Four thousand people are dead. Four thousand families shattered. People I knew, people I never met, people--maybe--a lot like me. The war on terror continues apace.

It was supposed to be "a cakewalk." It was supposed to be a "slam dunk." But it hasn't been. Instead, I've watched marriages crumble, family bonds erode, and human minds slide into decay and instability. Meanwhile, the civilized world hems and haws. It urges us to leave, urges us to stay "for the troops." Let me tell you this: the jump to fifteen-month tours wasn't done at my request. And our Vice President be damned, nobody who "volunteered," as he so callously reminds us, ever volunteered to die. And all the while, the exceptionalists who sold us this bloody venture go on to posh jobs in the corporate sector, and write self-serving memoirs designed to absolve themselves of any blame.

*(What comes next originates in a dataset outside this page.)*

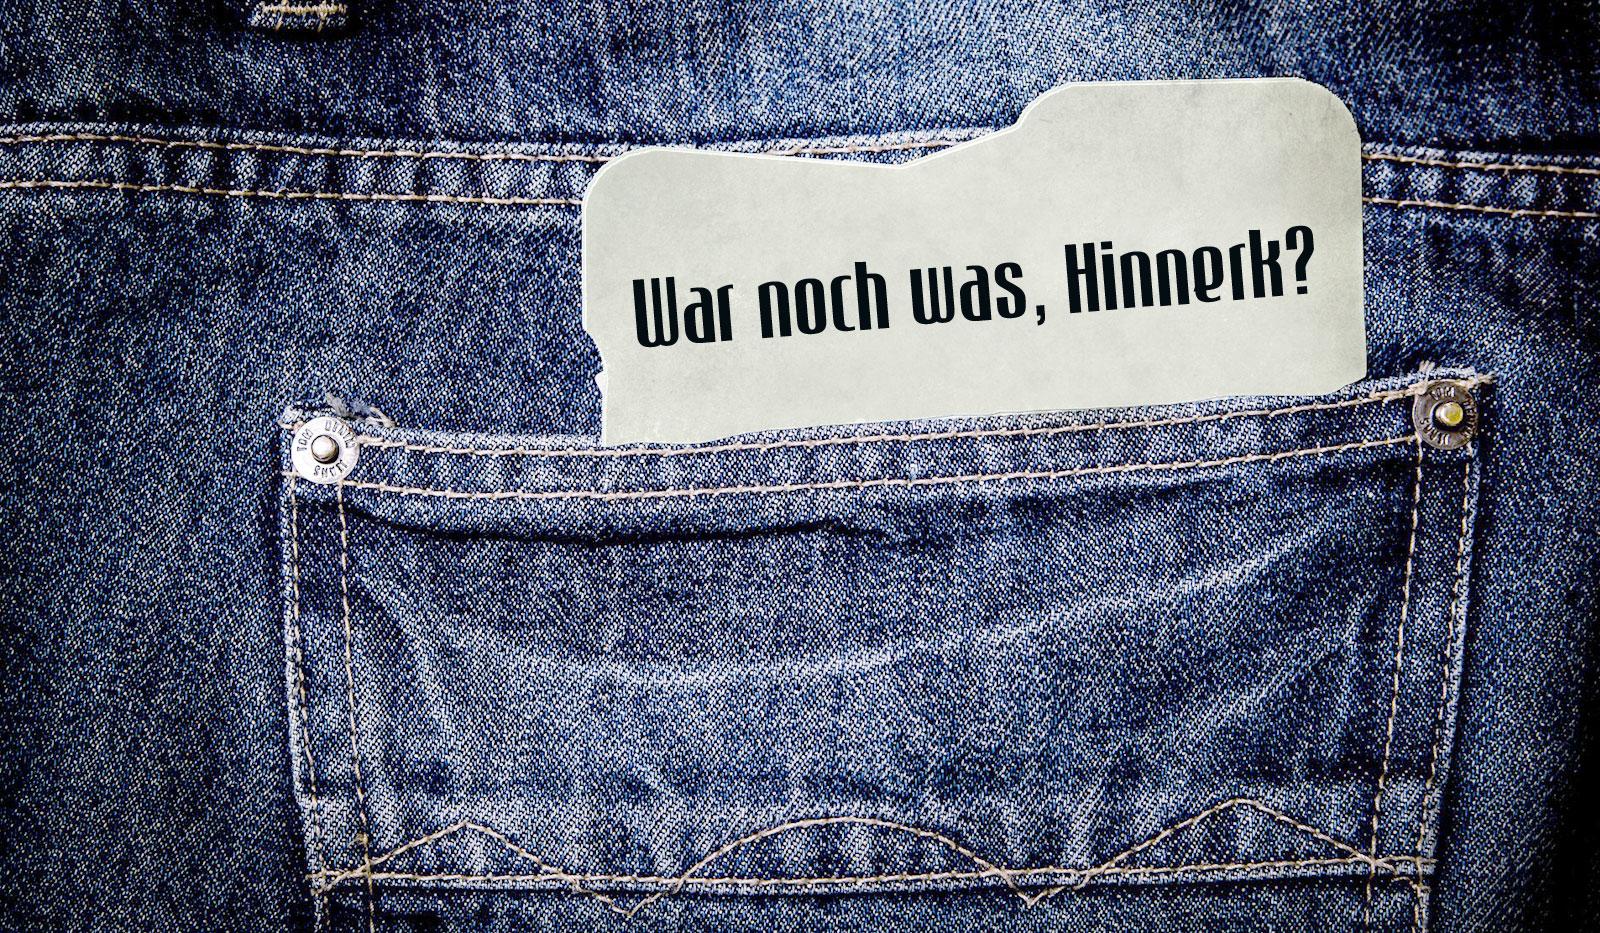 Tasche einer Jeanshose mit einem Zettel

Do you actually believe this is going to end? Do actually believe that there can be a solution within the accepted frameworks?

It hasn't ended. It's not going to end. Don't talk to me about "honoring the sacrifice of our veterans." I sacrificed, without complaint, and you pissed on it. You threatened my life, threatened my career, told me I was a lesser human being for speaking out. No, I say: you don't get to say a word. YOU are no longer a part of this conversation. For five years, FIVE YEARS, we listened to you in your cries for more blood, more treasure. We bowed to your dreams of secular Arab utopia, and look what our passivity has wrought.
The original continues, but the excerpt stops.